ISBN-13: 9780373755776
Publisher: Harlequin
Publication date: 07/07/2015
Series: Harlequin American Romance Series , #1556
Edition description: Original
Pages: 224
Product dimensions: 4.10(w) x 6.60(h) x 0.90(d)

About the Author

Barbara White Daille lives with her husband in the wild Southwest, where they deal with lizards in the yard and scorpions in the bathroom.

Barbara writes home and family stories filled with quirky characters and determined matchmakers. She loves books, tea, chocolate and, most of all, her DH (Dear Hero).

Visit her at www.barbarawhitedaille.com and look for her on Facebook & Twitter!

Read an Excerpt

Some days started off right, then took a wrong turn. The minute Pete Brannigan walked into his ranch-house kitchen, he discovered this would be one of those days.

"Daddy!" his five-year-old daughter, Rachel, exclaimed. "Can Mama come to my graduation?"

His nanny and housekeeper, Sharon D'Angelo, turned from inspecting the contents of the refrigerator. The brief glance he exchanged with her held an entire conversation. They both knew the question wasn't could his ex-wife fly home for this milestone in her daughter's life, but would she?

"Good morning to you, sweetheart." He ruffled Rachel's wavy blond hair—so like her mama's—and reached over to the high chair to chuck his two-year-old son, Eric, under the chin. "And you, too, little man."

Eric gurgled something and handed him a soggy piece of cereal.

"Do you think Mama will come to see my graduation, Daddy?" Rachel asked.

He took his seat at the kitchen table beside her and said carefully, "I'm sure if she's not working the day you graduate, she'll be here." Not an outright fib. He would never lie to his kids or to anyone. Anyway, who knew what his ex-wife would do. Marina might take time from her jet-setting, fashion-model career to think of the kids she'd left behind. Although, as history had already shown, it didn't seem likely.

"Miss Loring said we get our invitations today. I'm inviting you and Mama and Eric and Sharon." She counted off on her fingers. "And Tina and Robbie and Paz." Tina was one of his boss's granddaughters. Robbie and Paz were Tina's son and grandmother. "And Bingo, too."

Smiling, he shook his head. "I don't think they'll let ponies into the school auditorium."

"Why?"

"They won't fit in the chairs."

"Oh. Well, I'll show Bingo the pictures later."

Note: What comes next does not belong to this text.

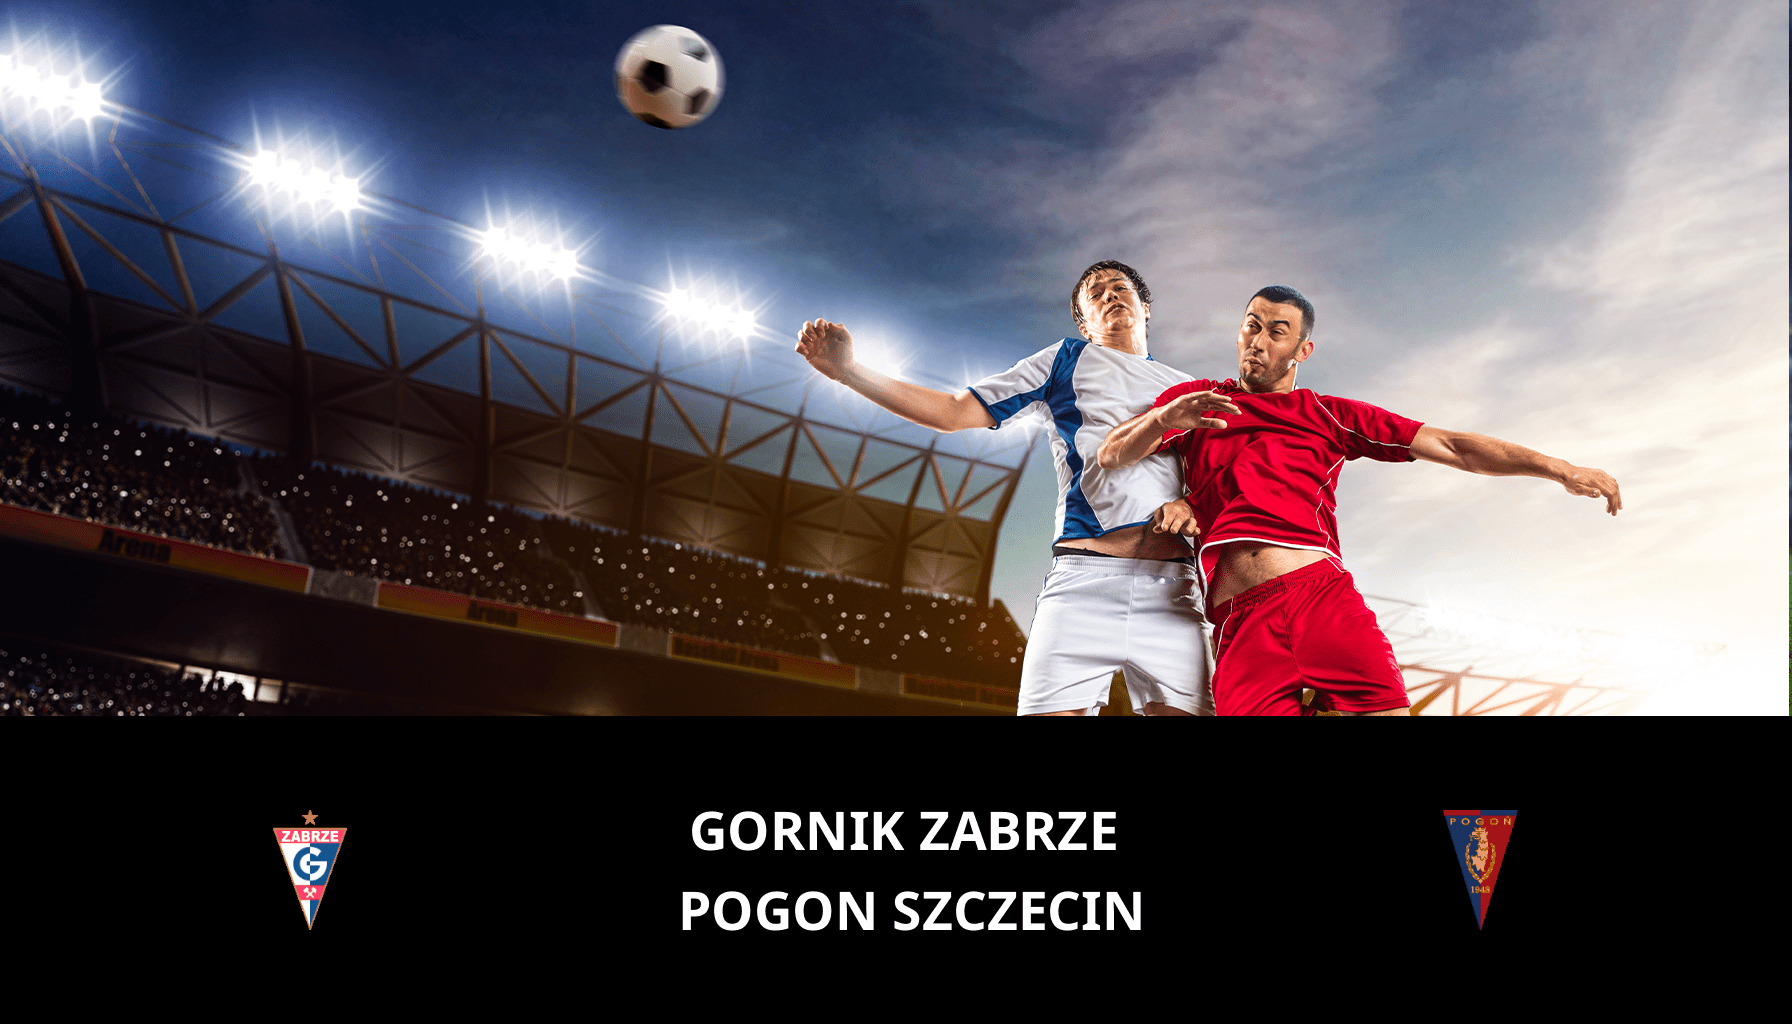 Prediction for Gornik Zabrze VS Pogon Szczecin on 01/12/2023 Analysis of the match
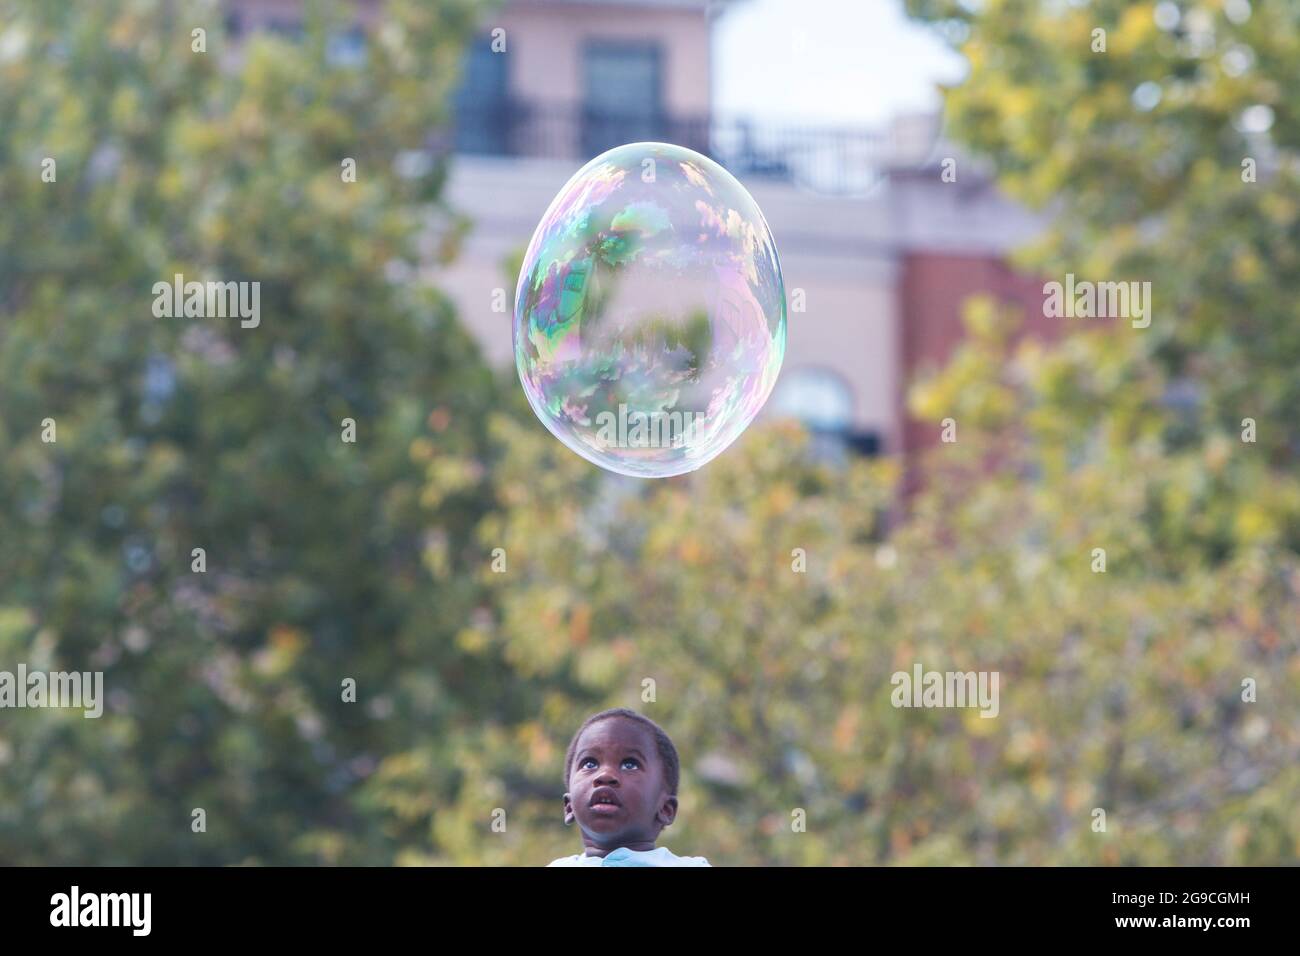 Suwanee, GA, USA - 21 settembre 2019: Un ragazzino guarda con stupore mentre una bolla a forma di uovo galleggia sopra la testa, in un festival autunnale. Foto Stock

When Sharon held up the coffeepot, he nodded his thanks. He had long ago had a solitary breakfast here in the kitchen while she and his children still slept. As manager of Garland Ranch, he started work at an early hour, but as often as he could, he made it his business to get back to the house to see his daughter before she left for school.

"What about Grandpa Jed?" he asked Rachel.

"Of course Grandpa Jed," she said, rolling her eyes as if Jed Garland's presence at her graduation was a given. And it would be. "He wants to come, too, right?"

"Sweetheart, he wouldn't miss it."

Jed had always treated Rachel and Eric as if they were his own grandkids. Heck, from the time Pete had come to work as a wrangler here on the ranch, fresh out of high school, the old man had treated him like one of the family.

A couple of years ago, when Marina had taken off to seek fame and fortune, she'd left him to raise a three-year-old and a newborn alone. Jed had promptly promoted him into the vacant ranch manager's position, which included the manager's quarters, and increased his salary enough that he could comfortably pay for a live-in nanny to help take care of his kids.

"I have to save one for Grandpa Mark, too," she said.

Jed had always treated him better than his own father ever had. Now, though the man remembered the kids at birthdays and Christmas, his busy schedule kept him from visiting frequently. Rachel was aware of this, which was probably why she had given Jed top billing.

"And can I invite Jane and Andi to come, too?" A couple more of Jed's granddaughters. "And Missy and Trey?" Andi's two kids.

"I think they might all have gone home by the day of your graduation," he said.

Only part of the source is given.